(Exercise brief) Print the lines in the listing below starting at the line with "Leather Jackets Hub" and ending at the line with "Antony Morato Black Logo Slim Fit T-Shirt", both included. Reproduce them exactly and omit every picture.

(Record set)
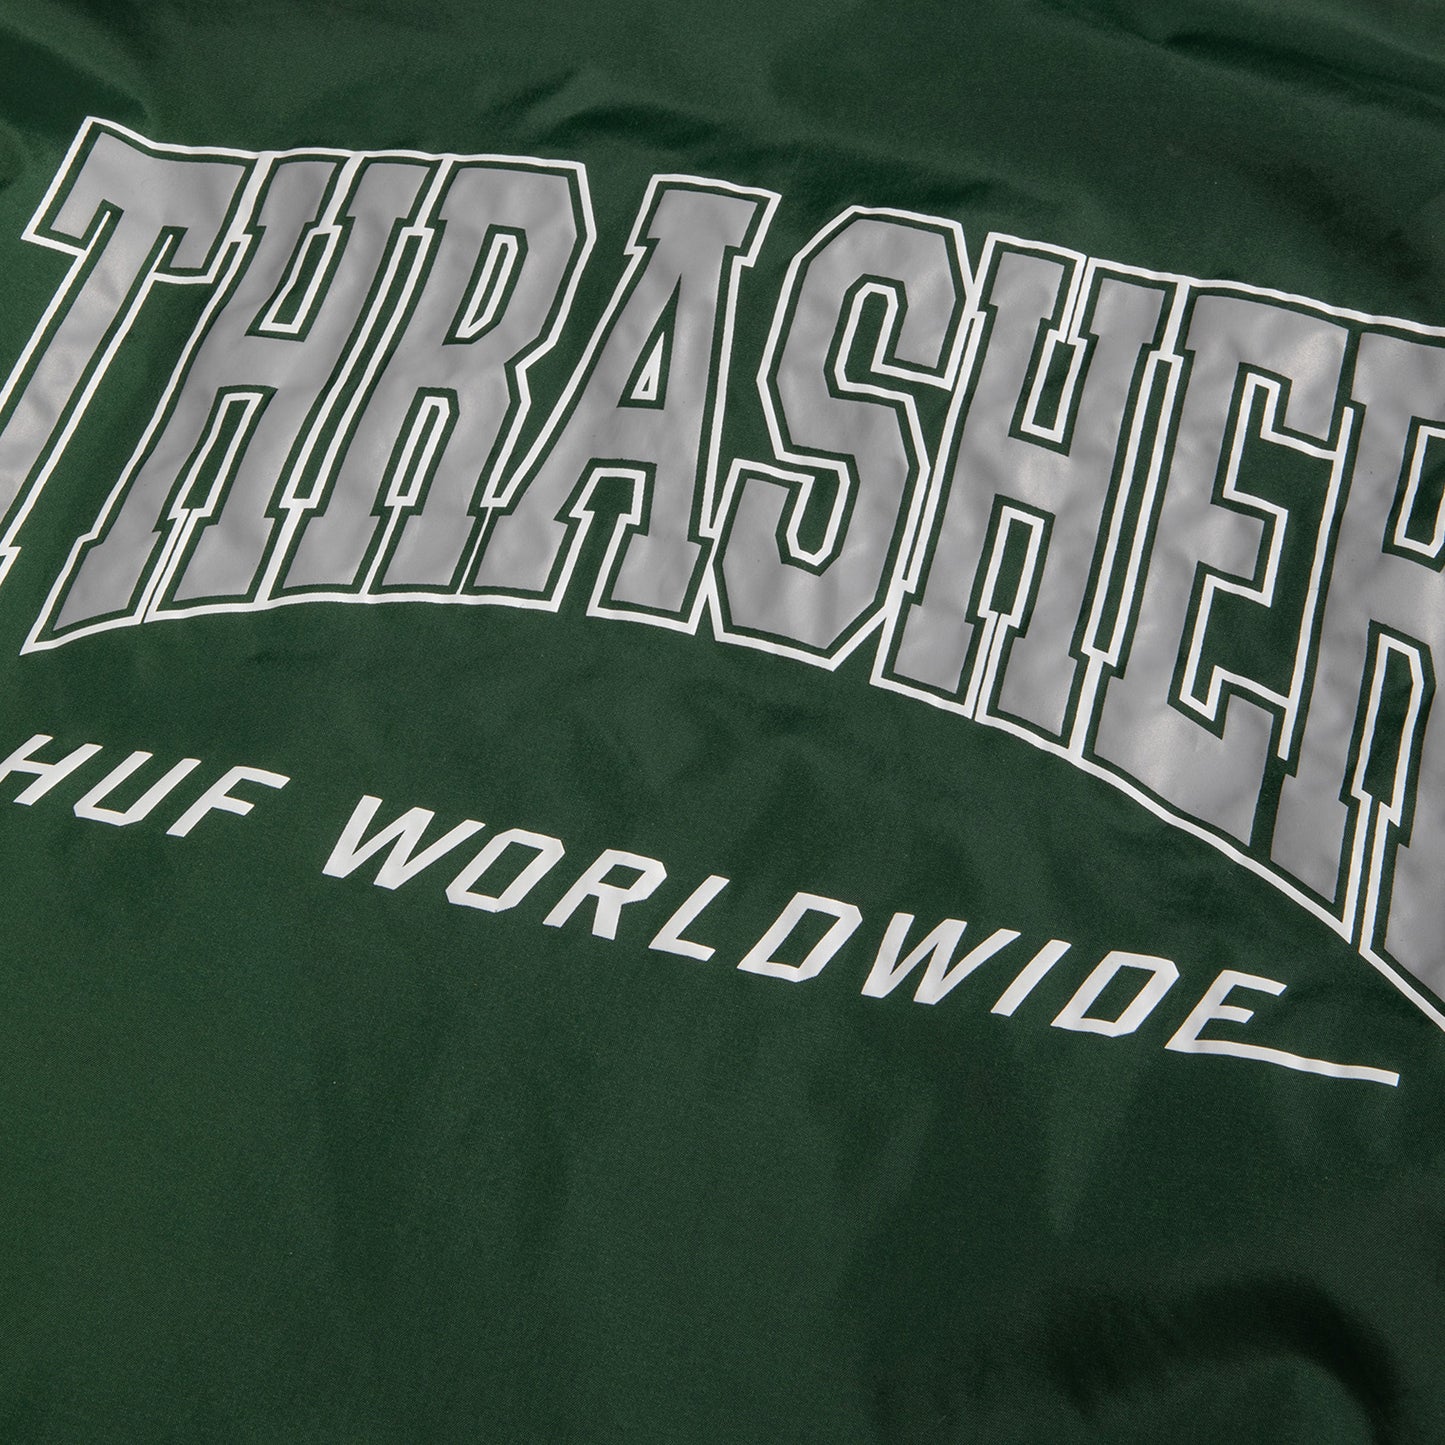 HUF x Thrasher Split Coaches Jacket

==

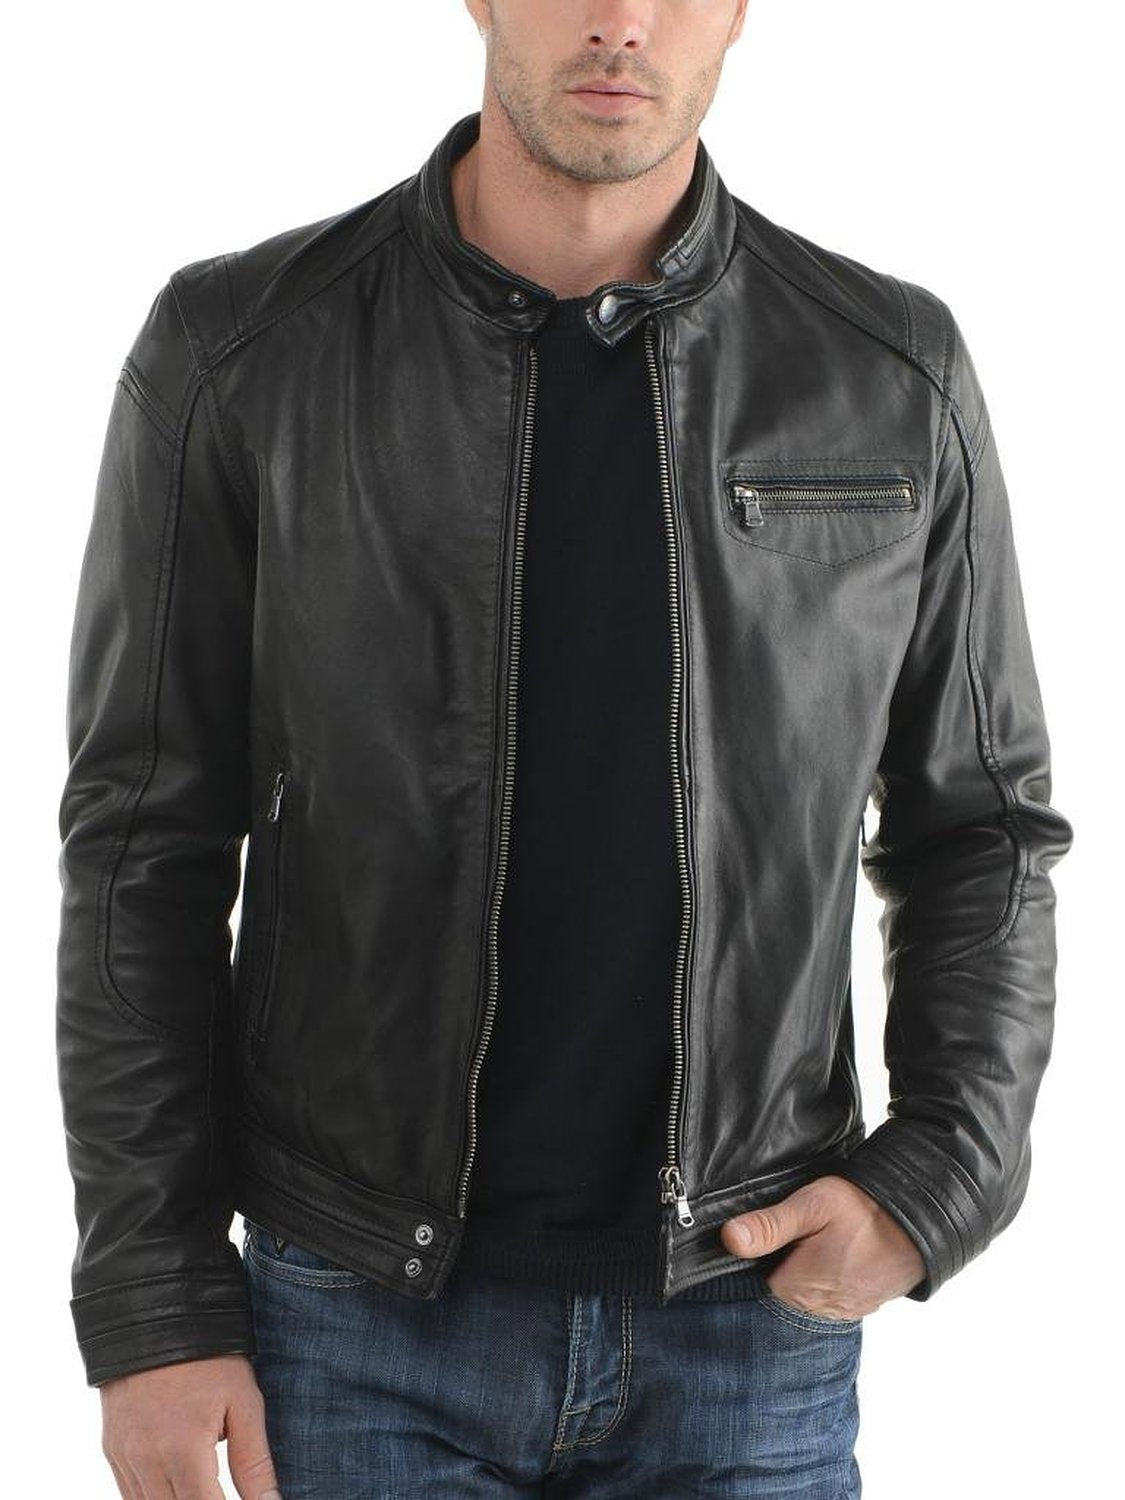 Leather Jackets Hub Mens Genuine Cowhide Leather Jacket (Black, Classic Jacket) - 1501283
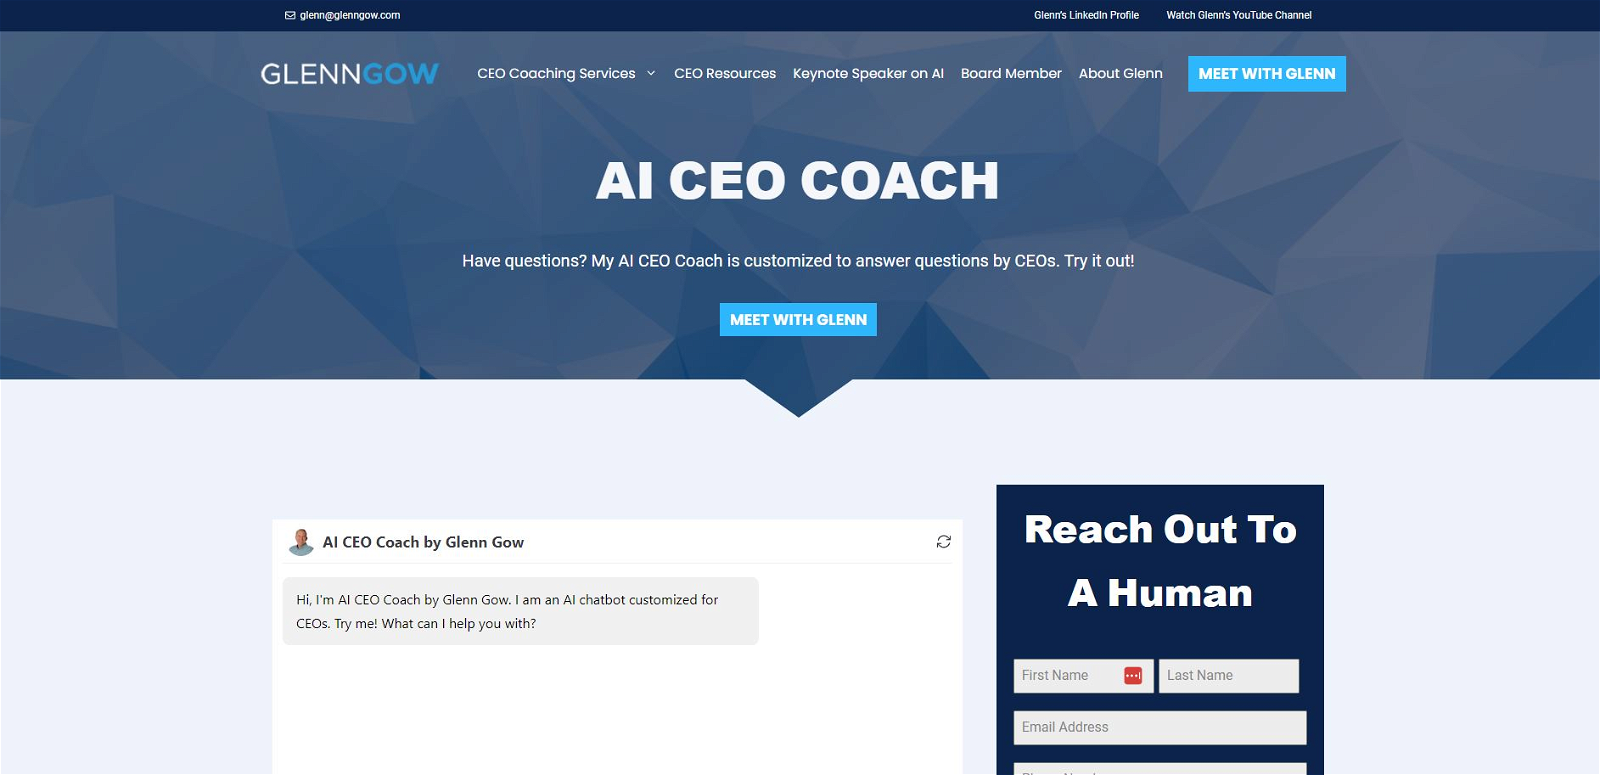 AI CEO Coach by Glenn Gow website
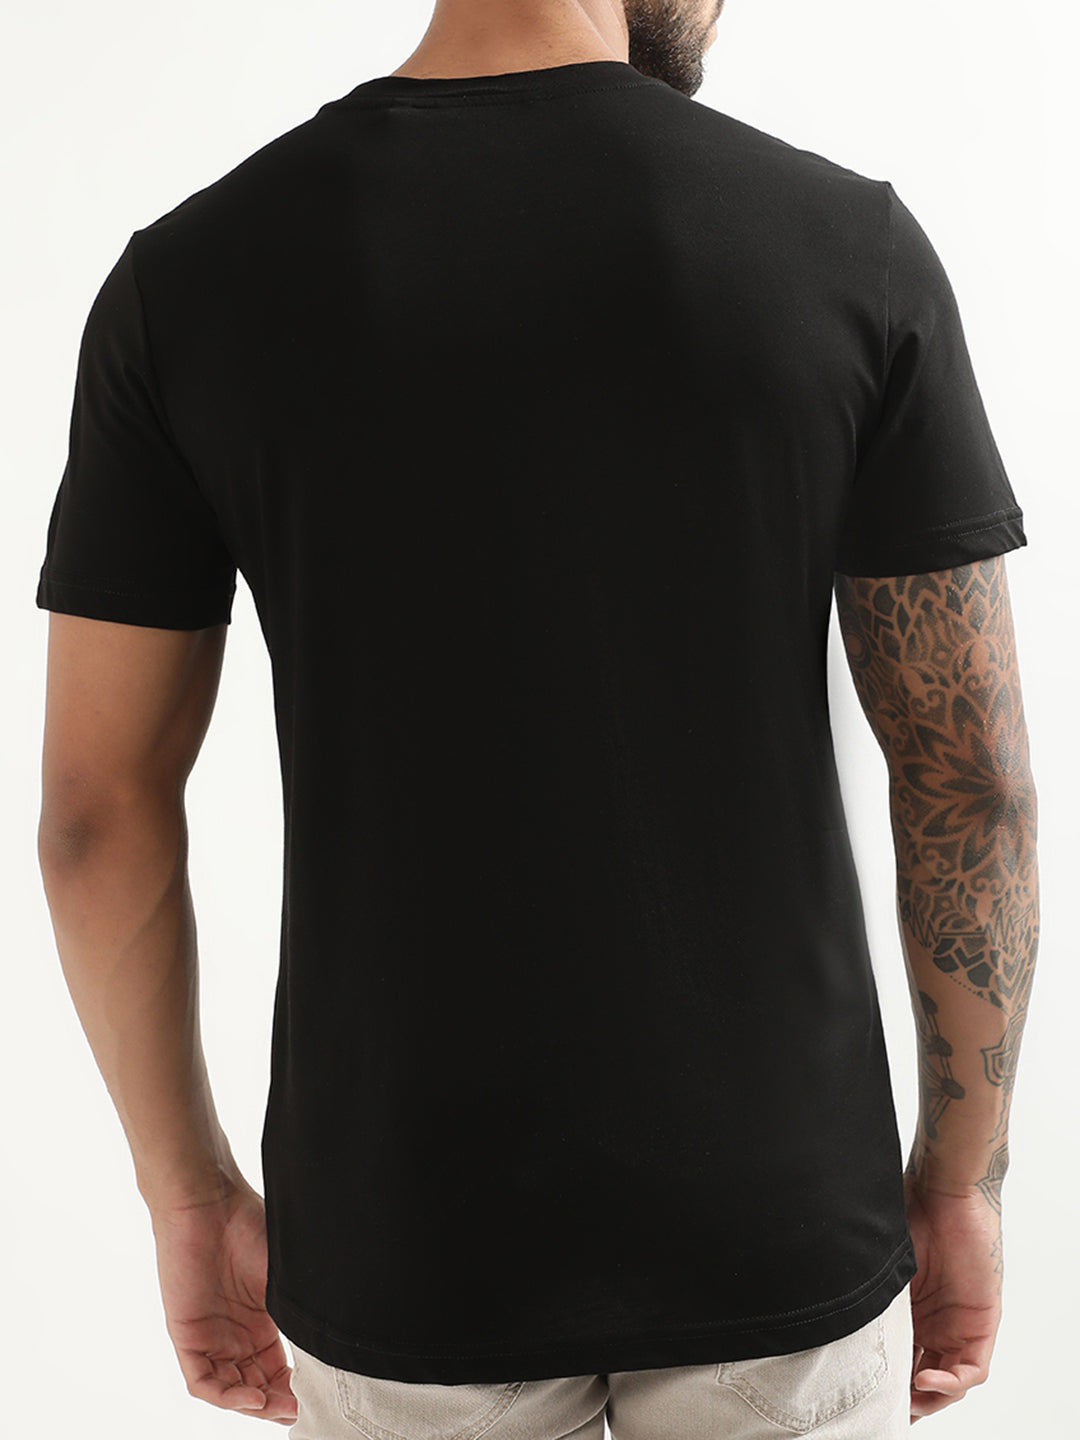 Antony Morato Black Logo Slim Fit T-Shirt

(Exercise answer)
 Leather Jackets Hub Mens Genuine Cowhide Leather Jacket (Black, Classic Jacket) - 1501283
 AI CEO Coach by Glenn Gow website
 Antony Morato Black Logo Slim Fit T-Shirt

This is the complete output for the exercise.